Cerita diawali dengan kepulangan Jean Louise dari New York ke kampung halamannya di Maycomb County. Dengan niat menghabiskan hari liburnya di sana, mungkin dengan melihat bagaimana keadaan kampung halamannya dan bernostalgia dengan Hank, teman masa kecilnya yang sekarang menjalin kasih dengannya. Siapa sangka beberapa hari menghabiskan liburannya di kampung halaman dapat membuka matanya akan seperti apa ayah dan tempat tinggalnya itu.
Novel ini juga sedikit banyak menceritakan proses Jean Louise menyadari dan menerima dirinya sebagai perempuan. Tumbuh bersama ayah dan kakak laki-lakinya Jem, membuat ia tumbuh seperti anak laki-laki,
“Jean Louise tidak pernah sepenuhnya menyadari bahwa dia seorang perempuan: kehidupannya dipenuhi kegiatan yang menguras energi: berkelahi, bermain sepak bola, memanjat pohon, berlomba dengan Jem, dan melawan siapapun yang berusia sebaya dengannya dalam pertandingan yang membutuhkan kekuatan fisik.”
Tokoh utama kita, Jean louise dibesarkan oleh ayahnya. Di mata Scout (nama kecil Jean Louise) ayahnya Atticus selalu mengajarkan hal yang benar, ia selalu memuji ayahnya itu. Ia selalu memandang ayahnya sebagai gentleman, melihat sang ayah yang tidak membeda-bedakan ras dalam memperlakukan orang. Kekagumannya ini bertambah saat ayahnya menangani kasus dugaan pelecehan seksual yang dilakukan oleh seorang negro, ayahnya memenangkan kasusnya (To Kill a Mockingbird). Maka tak heran bila ayahnya menjadi standar sifat kebaikan seseorang baginya. Bahkan ketika bekerja sebagai seorang pengacara, Jean Louise secara tidak sadar akan menanyakan kepada dirinya sendiri kira-kira jika aku adalah Atticus, apa yang akan dilakukannya?

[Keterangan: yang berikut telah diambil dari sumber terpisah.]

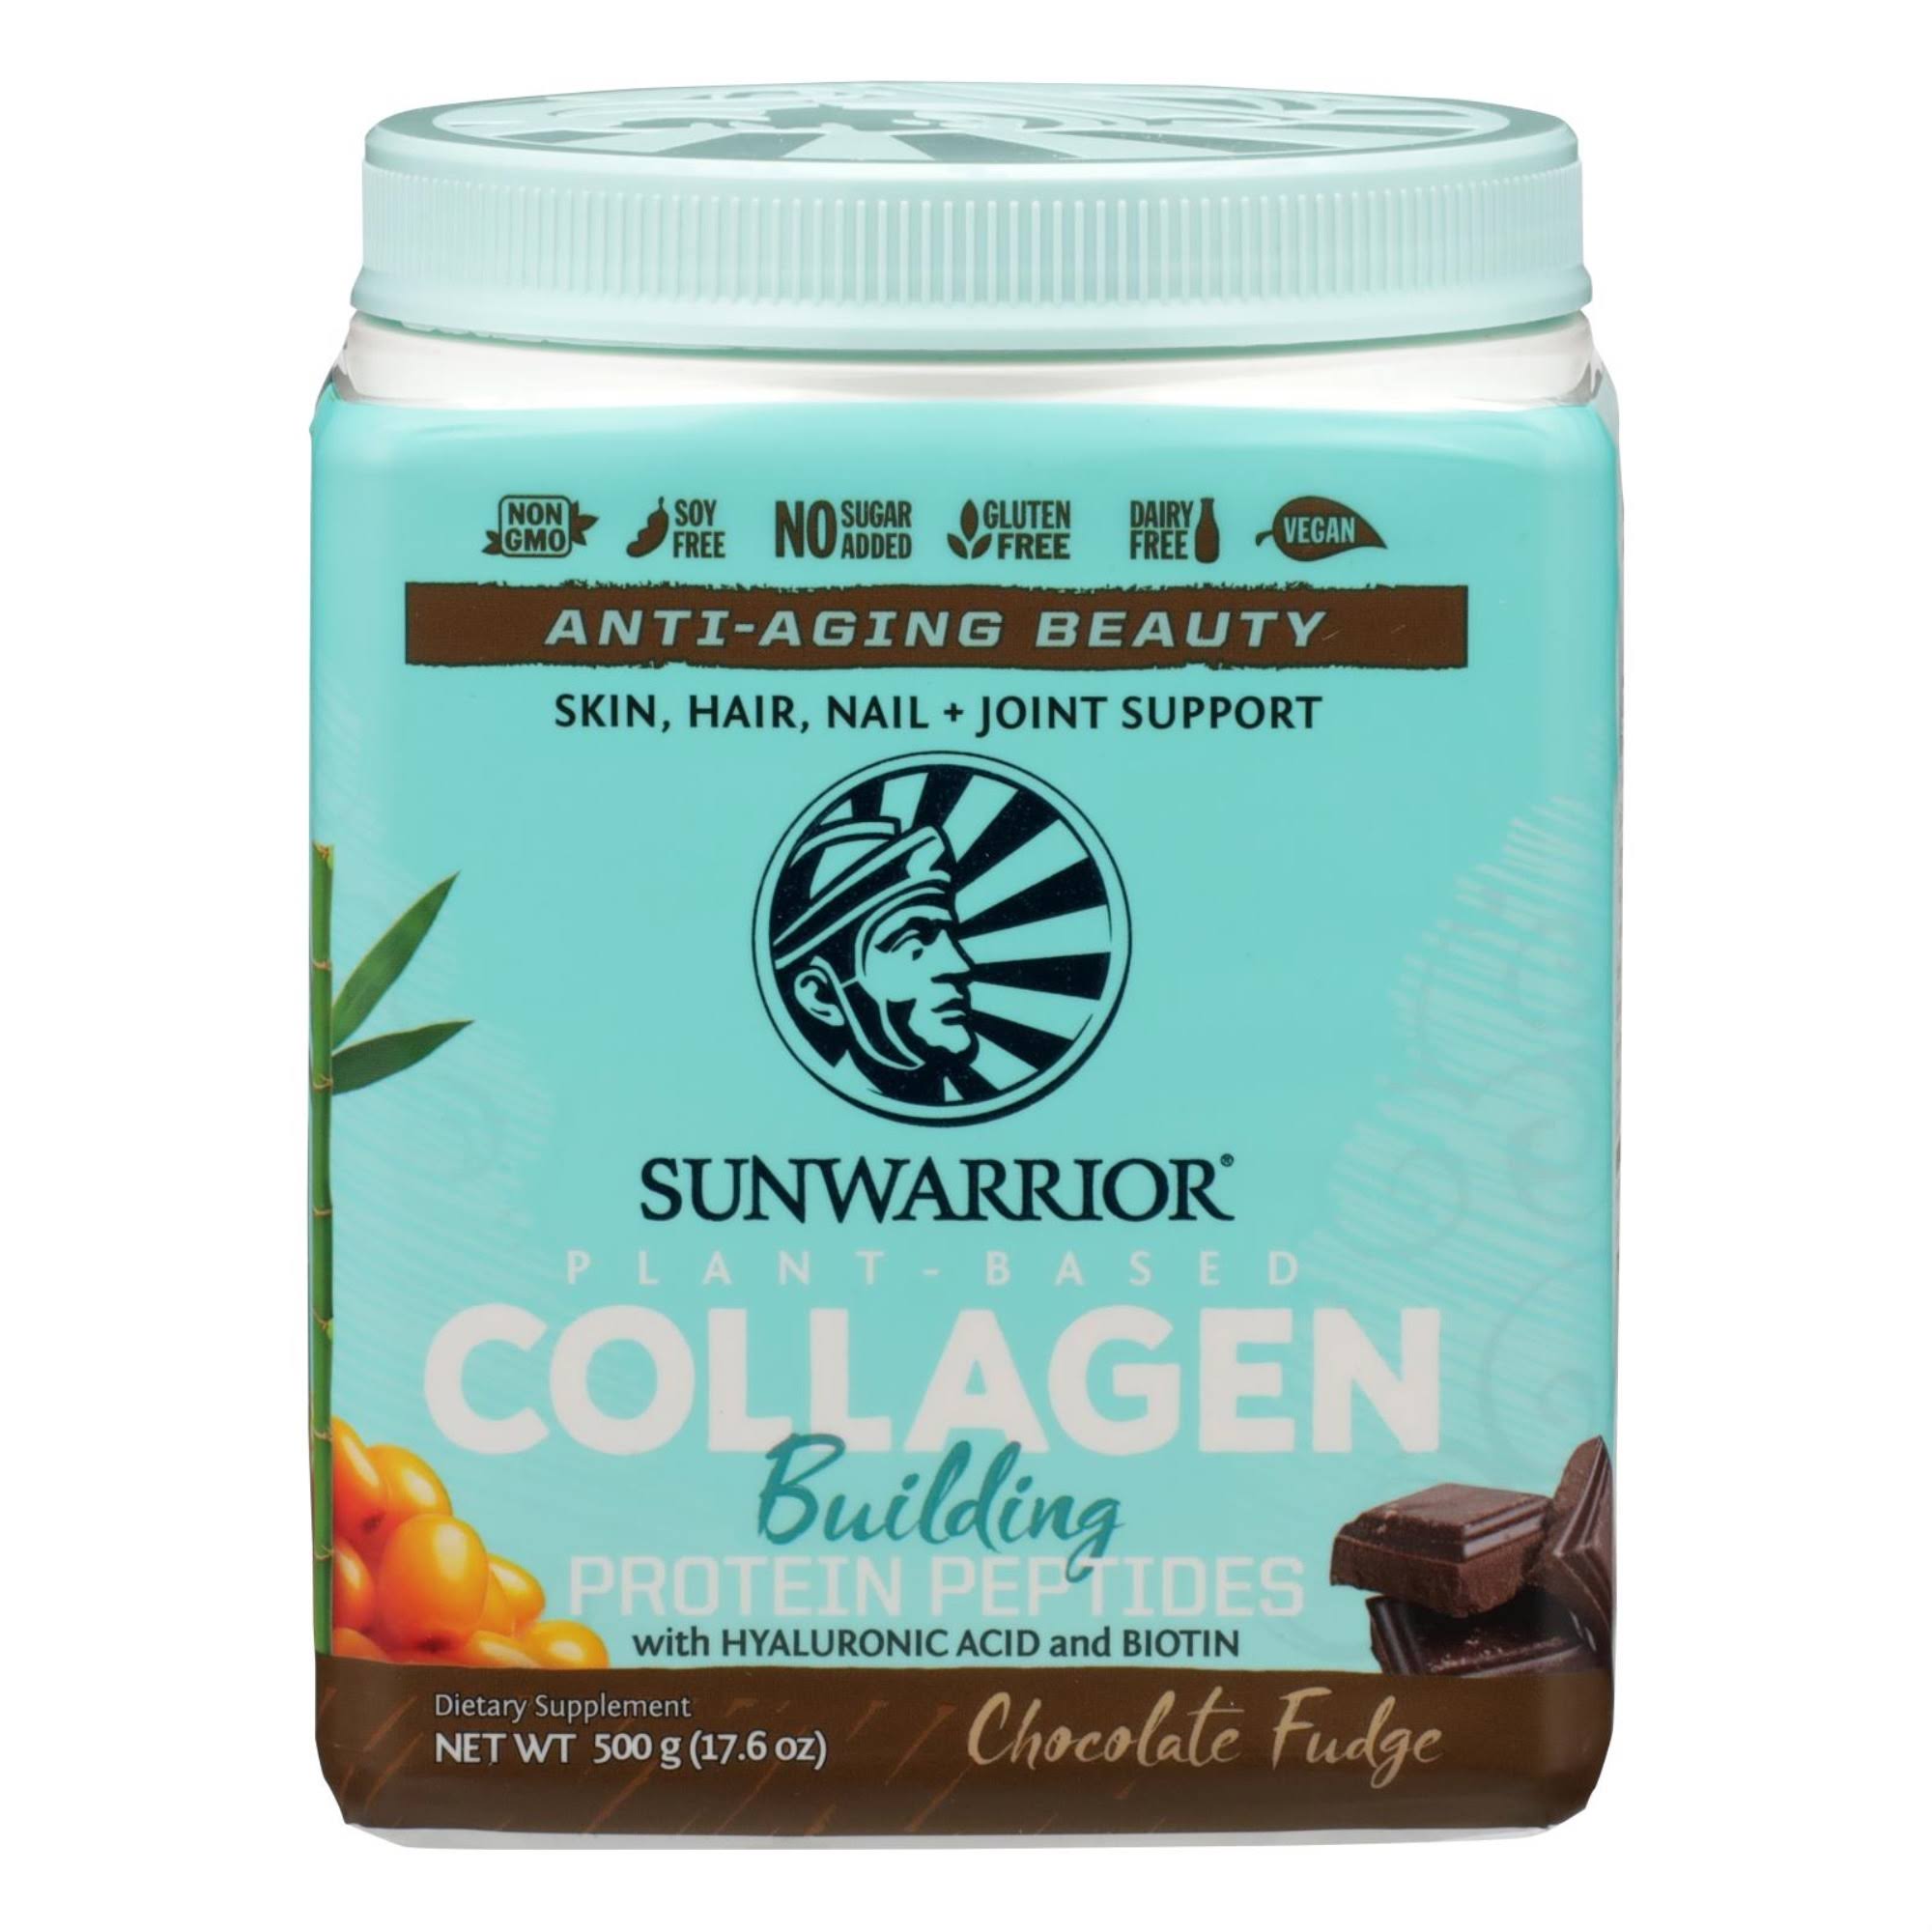 Sunwarrior Collagen Building Protein Peptides, Chocolate Fudge 17.6 oz

Sampai suatu hari ia menemukan pamflet kotor yang merupakan barang ayahnya. Pamflet itu kemudian membawanya ke ruang pengadilan, sampai ke perdebatan hebat dengan ayahnya. Dari sana ia baru mengetahui seperti apa ayahnya, seperti apa tempat tinggalnya. Hatinya hancur menyadari bahwa ayahnya mengikuti acara menjijikan di ruang pengadilan kala itu.
“Satu-satunya manusia yang pernah dipercayainya setulus dan sepenuh hatinya telah mengkhianatinya; satu-satunya pria yang dikenalnya, yang kepadanya dia bisa menunjuk dan mengatakan dengan penuh keyakinan, “Dia orang yang terhormat, di dalam hatinya dia orang terhormat,” telah mengkhianatinya, di depan umum dengan cara menjijikan, dan tanpa malu-malu.”
Hasil dari perdebatan hebat bersama ayahnya, melahirkan kesimpulan bahwa ayahnya sama sekali tidak sepaham dengan Jean Louise. Alasan ayahnya memperlakukan orang negro tidaklah sama seperti apa yang dipahami Jean Louise. Sampai akhir, Atticus tetaplah Atticus; seorang ayah dengan nilai yang tak selaras dengan putrinya, tetapi itulah Atticus; seorang ayah yang menginginkan anaknya hidup mandiri dengan nilai dan prinsipnya sendiri walaupun harus berseberangan dengannya.